Mike noticed the receptionist was not concealing her interest in the tense exchange, so he took Katherine by the wrist and led her out of the office. “Come on. If we have to do this, we’re not going to do it in front of my employee.”

“Let go of me,” Katherine hissed.

“You want me to let go? That’s rich,” Mike laughed. “That must be why you called earlier today.”

“You don’t have to manhandle me,” she shot back, the words echoing off the walls of the narrow hallway. Had her voice always been like that? Mike had never remembered it being quite that sharp, even when she was at her angriest.

“Fine.” He let go of her unceremoniously. “There’s a place on the corner that serves shitty coffee. Let’s go and get this over with.”

“Get what over with?” Katherine asked.

“This.” Mike gestured to the space between them. The motion was jerky and stilted, reflecting the tension that was etched on his face. Mike liked being in control, and he suspected that Katherine was not going to allow him to have the upper hand. She probably wants this to be messy, he thought. “Coffee shop,” he said. “Now.”

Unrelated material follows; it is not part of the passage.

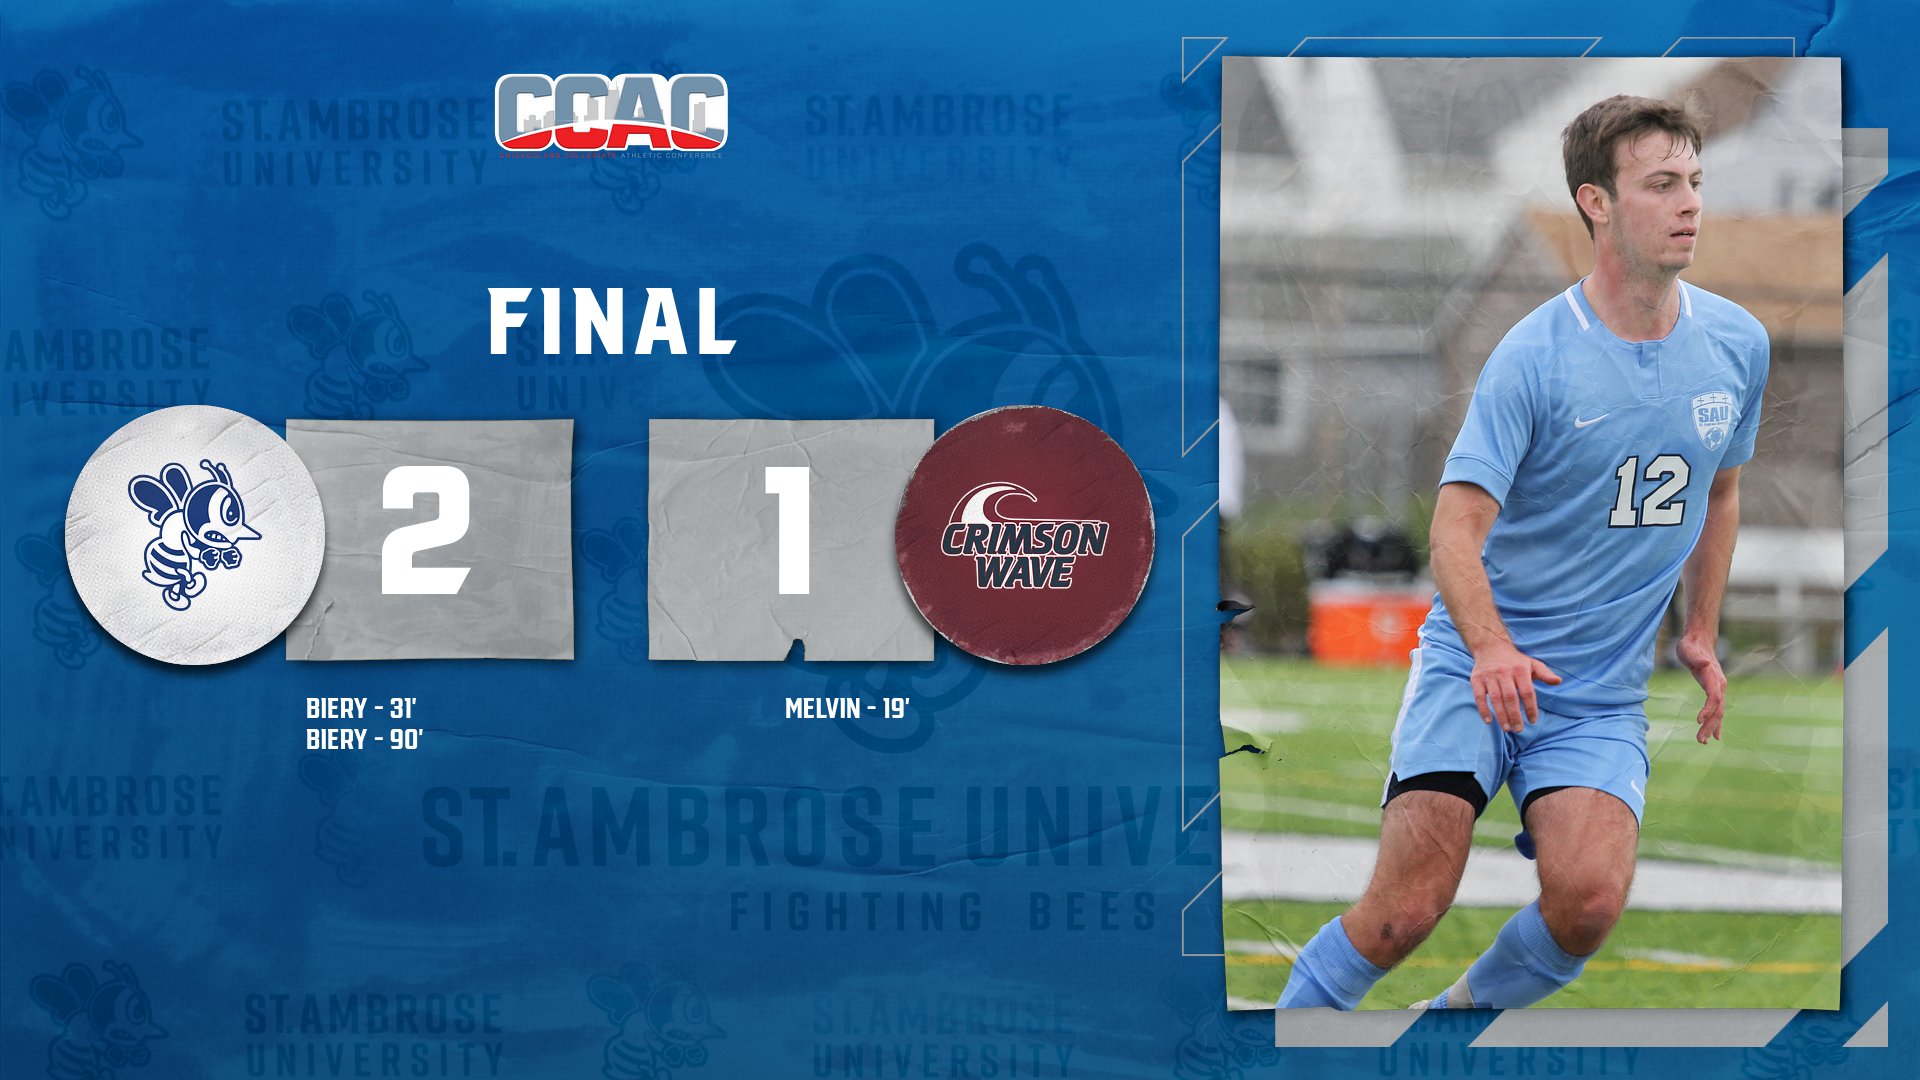 Biery's late goal gives SAU first conference victory

The short trip to the cheap diner was excruciating for both of them. Katherine snuck an appraising glance at Mike, noting that wrinkles were now beginning to make inroads on his face. There were frown lines that had not been there the last time she had seen him. The spidery veins on his wrist were more pronounced, too. The thought that he might feel as much duress as she did was comforting, not for his suffering but for the solace that she might offer him.

Mike stared straight ahead as Katherine looked at him. He pretended she was not there—and she knew that was what he was doing. “Just don’t make a fucking scene,” he said gruffly as they reached the diner.

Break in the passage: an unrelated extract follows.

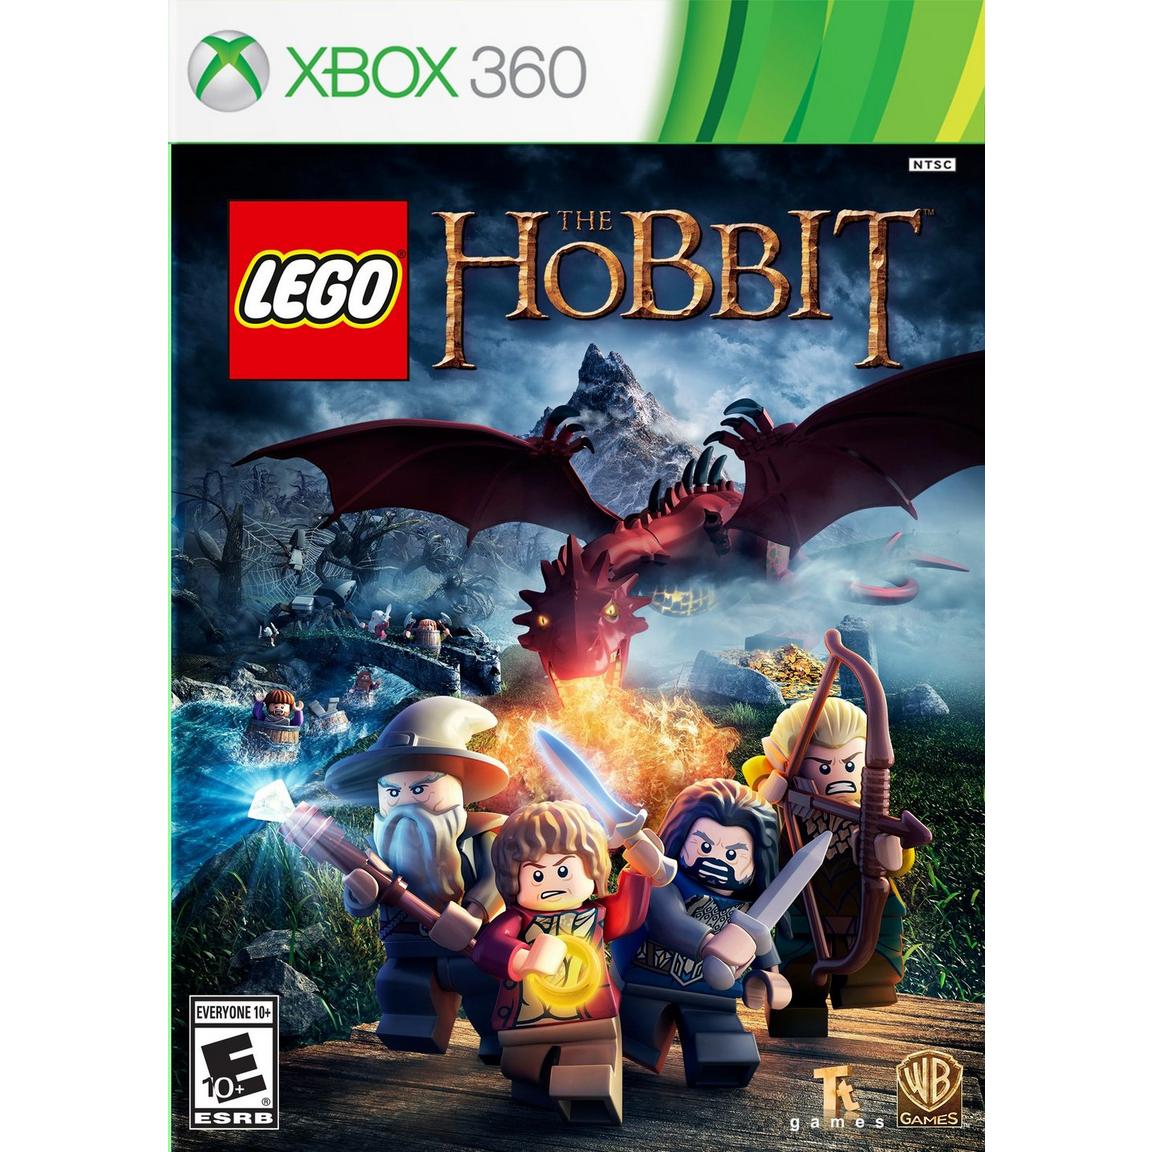 LEGO The Hobbit - Xbox 360, Pre-Owned -  Warner Bros. Interactive Entertainment

The Imperial Diner held the dubious distinction of making the worst cup of coffee in Manhattan. That wasn’t enough to stop it from being Mike’s haunt of choice, as he generally valued fast service and low prices over the ability to choke down the sludge that was served. The pink-haired waitress, who didn’t look a day over fourteen, showed them to a booth and Mike refused the proffered menus, instead ordering two coffees, one black and one with half and half.

“You remember how I like my coffee,” Katherine said, attempting a smile.

“Yeah, some things you don’t forget,” Mike said. His tone was carefully neutral, and his wife was at a loss. If it had any significance to begin with. She had forgotten how he would put panes of fogged glass in front of his words, as if taunting whomever he was talking to. “Why are you calling me and coming to my office?”

“I just need to talk to you.” Katherine saw the smirk on his face but she chose to ignore it. She didn’t come here to have a shouting match. “Things haven’t turned out the way I expected them to. I don’t like being alone, Mike.”

“You said being alone wasn’t a bad thing, that it was good for your artistic juices, or some such crap.”

“It’s one thing to be alone for a few hours or a few days,” Katherine said. “I feel like I’m in solitary confinement.”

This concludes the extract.